In discussing Frieze Groups it was assumed that there is a smallest positive translation along the axis. All translations for the pattern form a subgroup. Consider the axis to be the Reals and G to be a subgroup under +. Look at the infimum T of all strictly positive elements of G.
a) Show that if T is not the minimum of the strictly positive elements of G then T=0.Of course if T is minimum then T>0.
To show that if T is not the minimum of the strictly positive elements of G, then T = 0, we need to consider the properties of infimum.
First, let's define what an infimum is. In mathematics, the infimum of a set S, denoted as inf(S), is the greatest lower bound of the set. It is the smallest element that is greater than or equal to all the elements in S.

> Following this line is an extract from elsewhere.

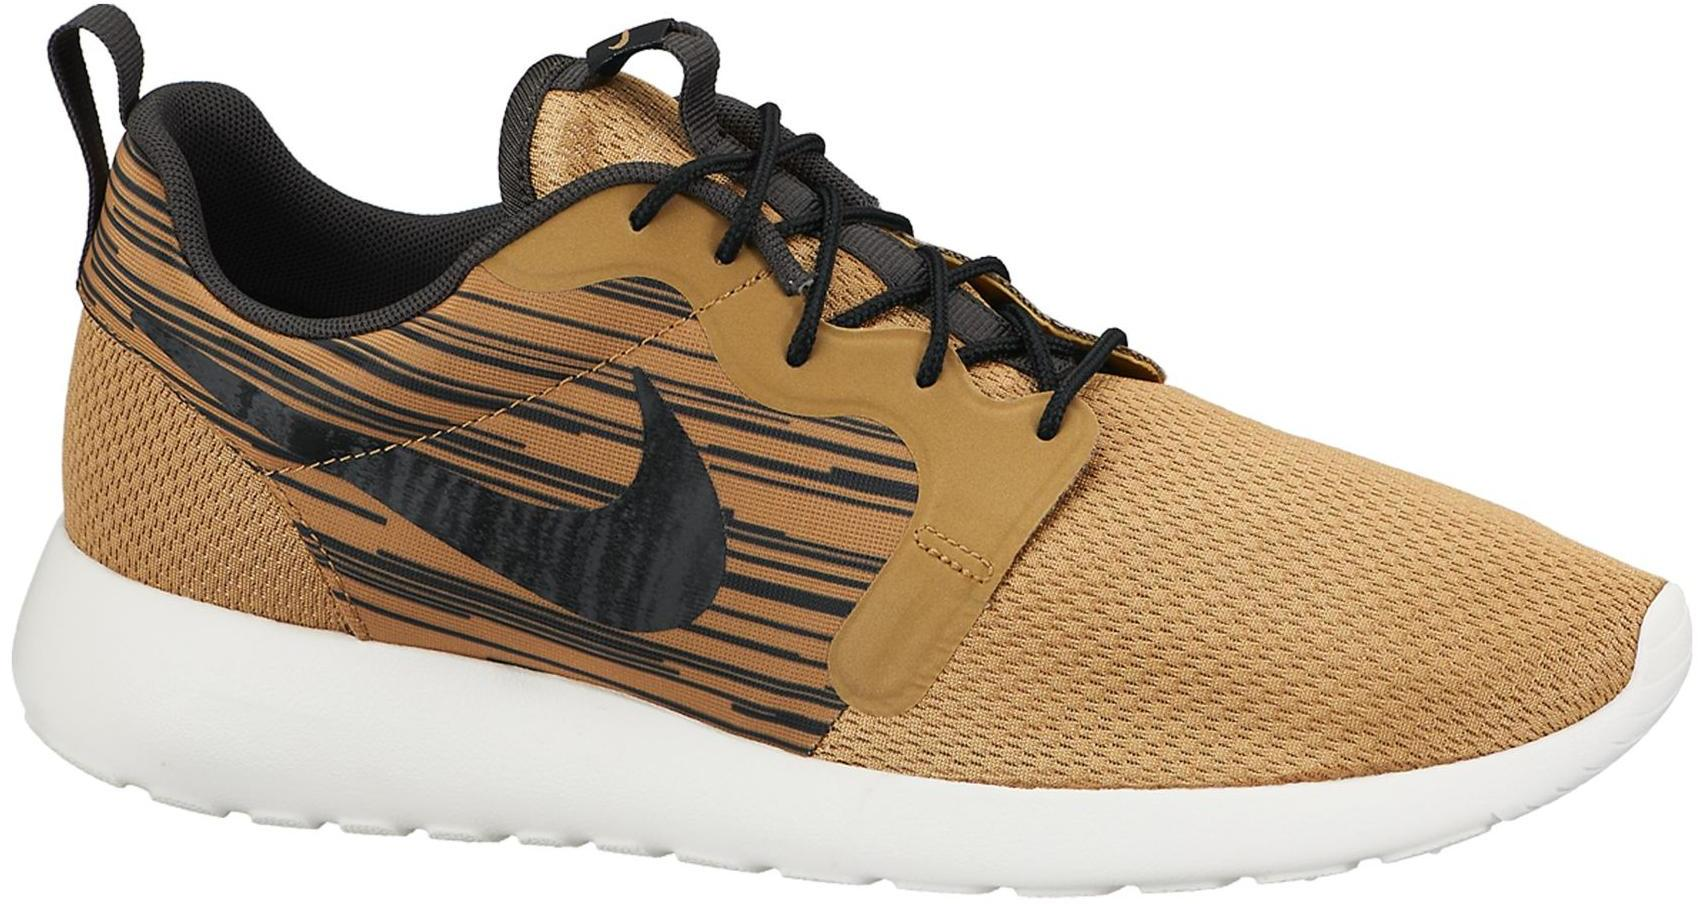 Nike Roshe Run Hyperfuse Metallic Gold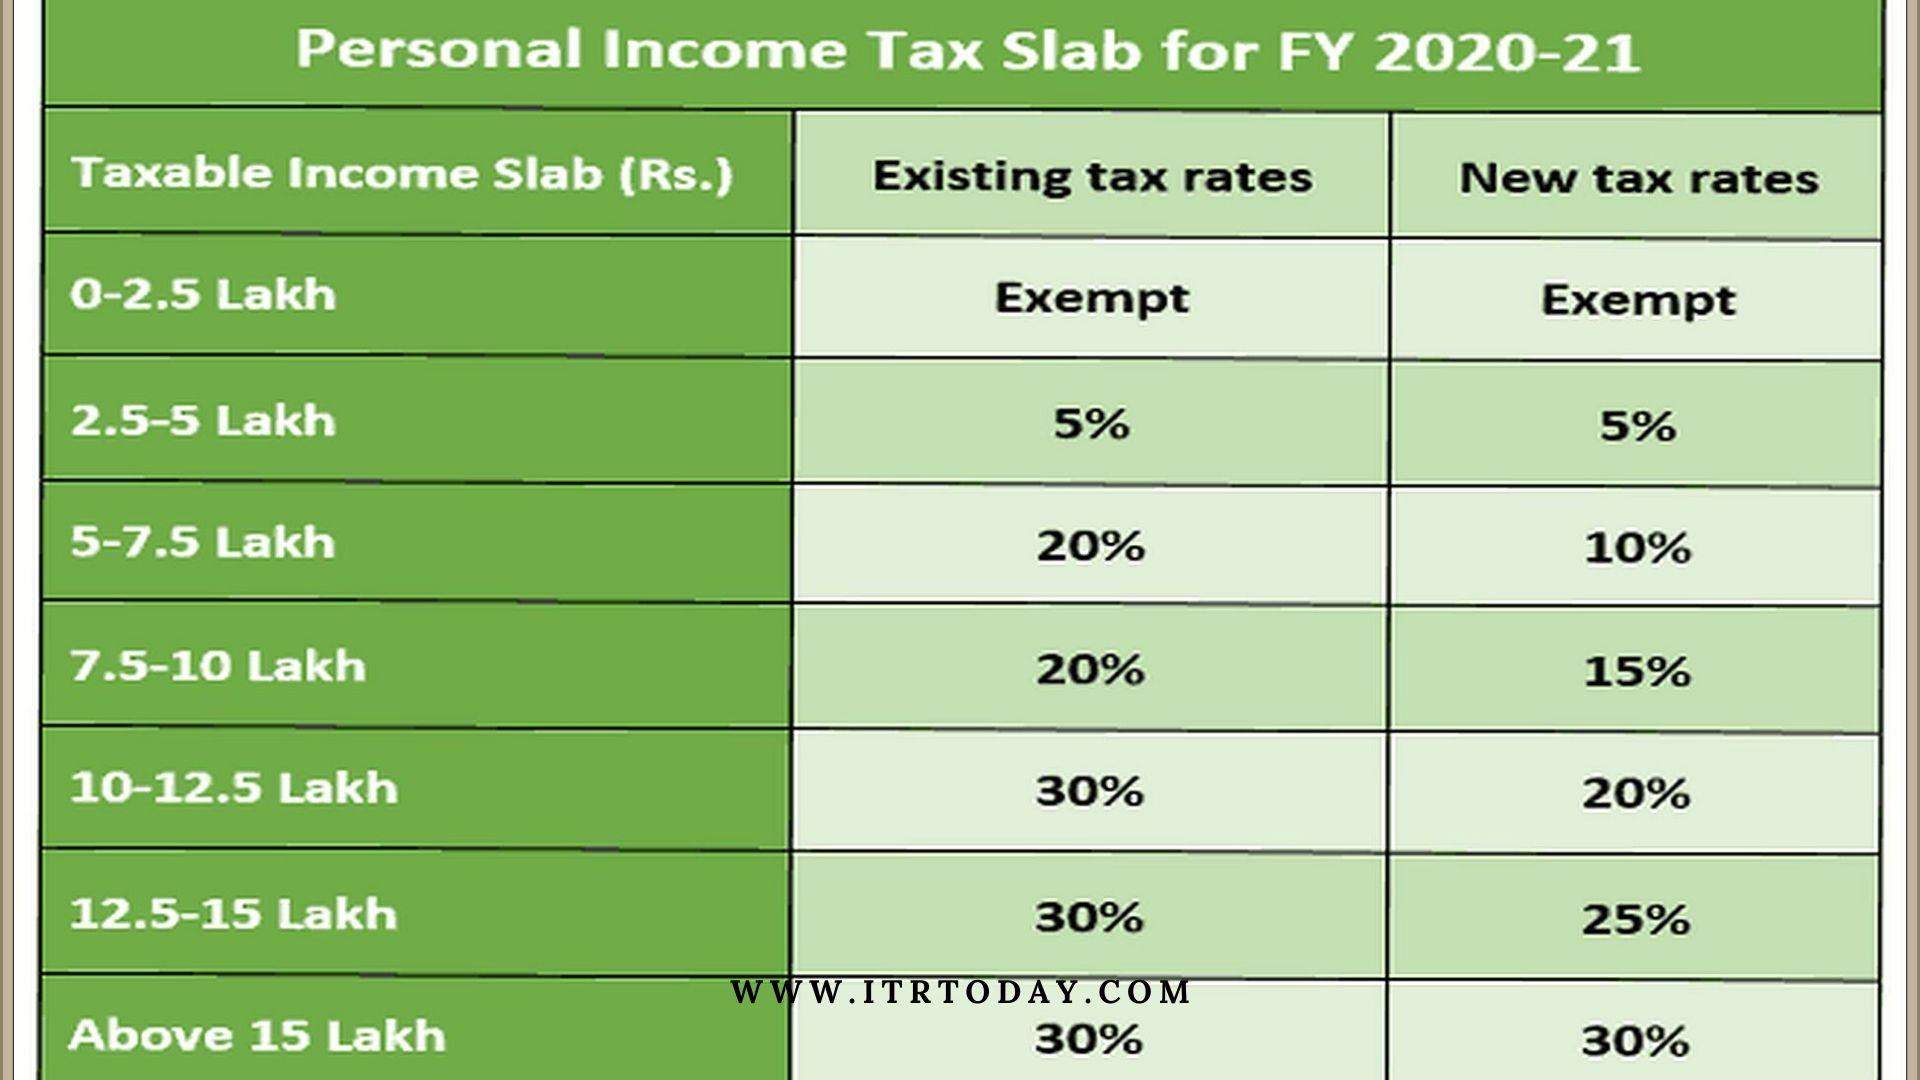 Income Tax Slabs 4

Now, let's assume that T is not the minimum of the strictly positive elements of G. This means that there exists a strictly positive element t in G such that t < T.
Since T is the infimum of all strictly positive elements of G, T ≤ t for all strictly positive elements t in G. However, by assuming that t < T, we have a contradiction, as T cannot be smaller than the infimum.
Therefore, the only possibility is that our assumption is incorrect, and there is no strictly positive element in G smaller than T. In other words, T is the minimum of the strictly positive elements of G.
Additionally, since T is the minimum of the strictly positive elements of G, we can conclude that T > 0, as it is a strictly positive element.
Hence, we have shown that if T is not the minimum of the strictly positive elements of G, then T = 0.